アゴタ・クリストフが2011年7月26日に亡くなった。この訃報と前後して、小松左京、レイハラカミ、伊良部秀輝も亡くなった。

アゴタ・クリストフは「悪童日記」で有名な亡命ハンガリー人作家で、読書好きには有名。もういい年だとわかっていたし、新作がバンバン出る作家でもなかったし、それほど興味があると思ってなかったんだけど、亡くなったと聞いて、他のいろんな訃報があるにも関わらず、彼女のことばかり気になった。どうやら好きだったみたい。




というわけで戯曲集「怪物」と「伝染病」を読んだ。

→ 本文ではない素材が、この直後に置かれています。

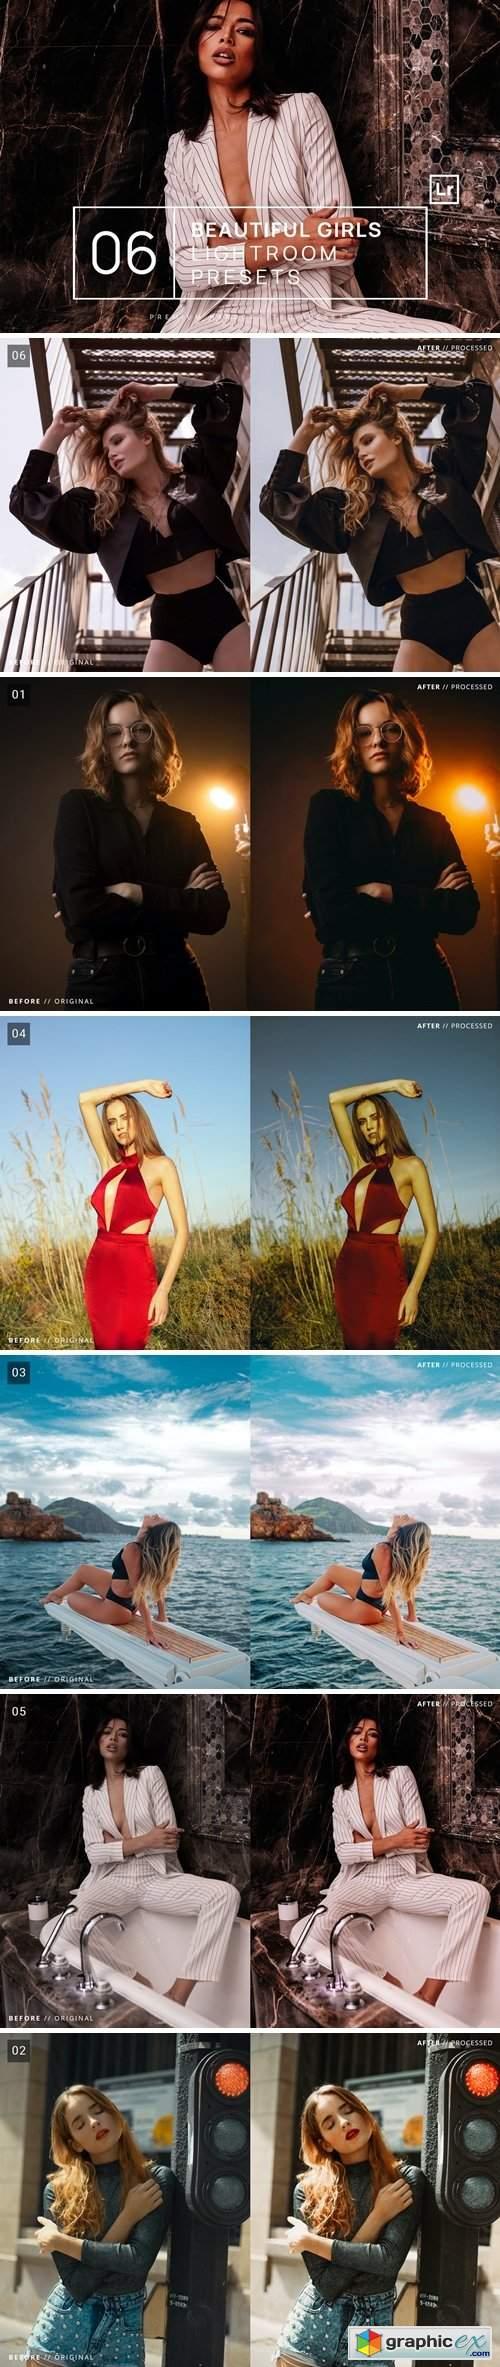 6 Beautiful Girls Lightroom Presets + Mobile

それぞれ5編、4編の短編戯曲が収められている。戯曲は小説とは違って、不条理や、現実から浮遊したようなものが多い。書かれた年代としては70年代から80年代で、悪童日記よりだいぶん前になる。

「怪物」と「贖い」「ジョンとジョー」「星々を怖れよ」はもともと好きで、相変わらずいいなあと思って読んだ。「エレベーターの鍵」はゾッとするというか、こういうの苦手で気持ち悪くなってしまう。昔はあまりピンと来なかった「道路」「鼠が通る」「伝染病」「灰色の女あるいは最後の客」も、新しい発見があって、面白く読めた。

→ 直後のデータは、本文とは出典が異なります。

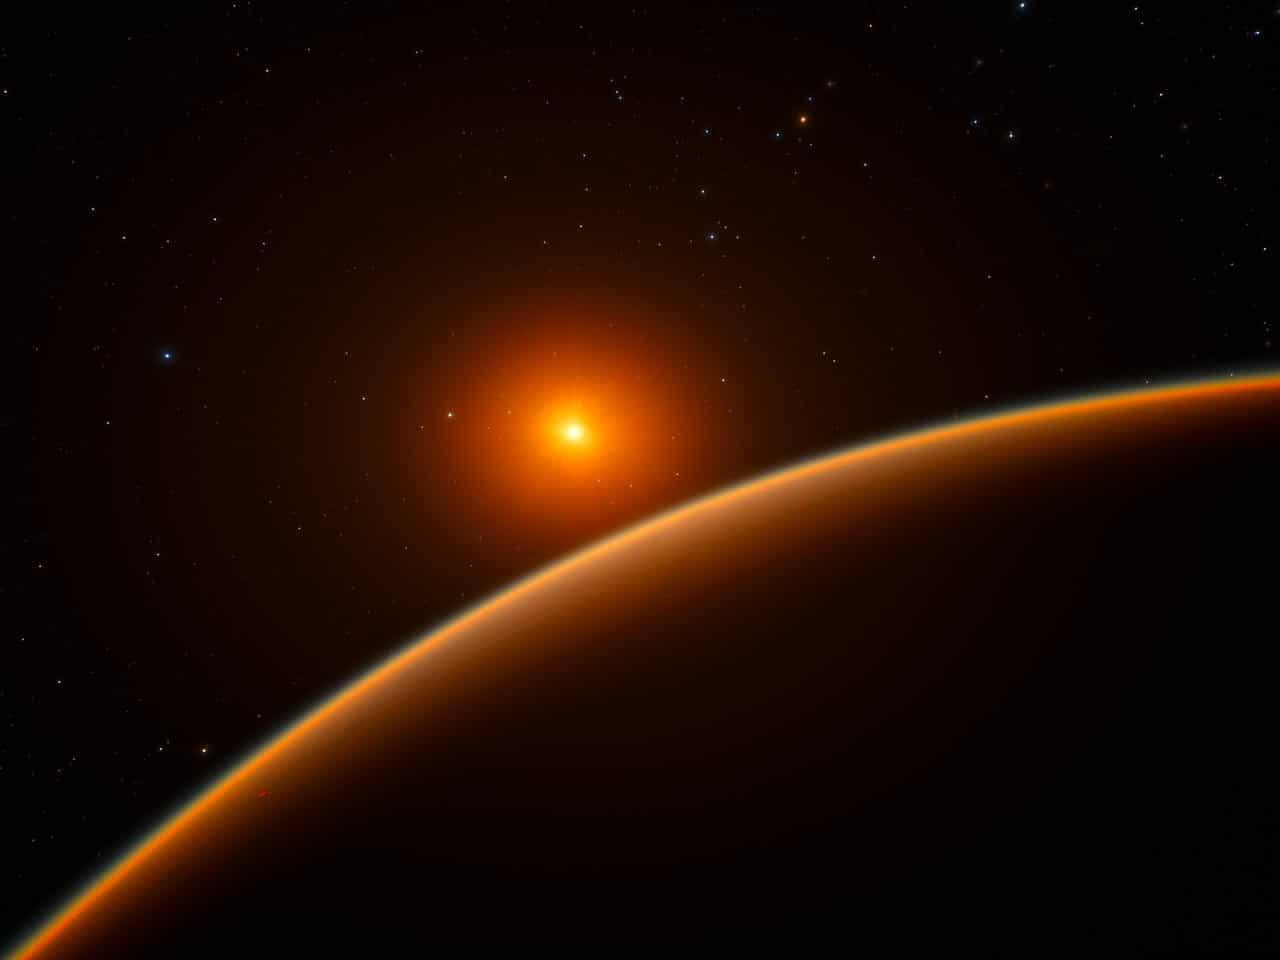 LHS 1140b, un gran candidato para la búsqueda de vida

とくに「怪物」は、未知の怪物と原始的な部族の物語で、もともと好きだったのだけど、いま読むと非常に身につまされる。以前は怪物を政治的、文明的な文脈で怪物を捉えたけど、いまとなっては原発としか思えない。しかも劇中での怪物は突然現れているが、現実の怪物は人間が自らつくり出してしまったのだ。あまり書くとネタバレになってしまうので、このへんで。

いま上演するなら「怪物」しかない。

翻訳をされてる堀茂樹さんがTwitterにいらっしゃいますよ。
http://twitter.com/hori_shigeki

「悪童日記」を翻訳して出版社に直接持ち込んで出版に漕ぎ着けた方です。いま日本語でアゴタ・クリストフの作品群が読めるのは堀さんのおかげです。しかも、戯曲集は(後書きによれば、なので今は違うかもしれませんが)フランス語でも発売されてないそうなので、日本語でしか出版されてないそうです。ウッヒャーそんなことあるの、て感じですよね。堀さん、ありがとうございます。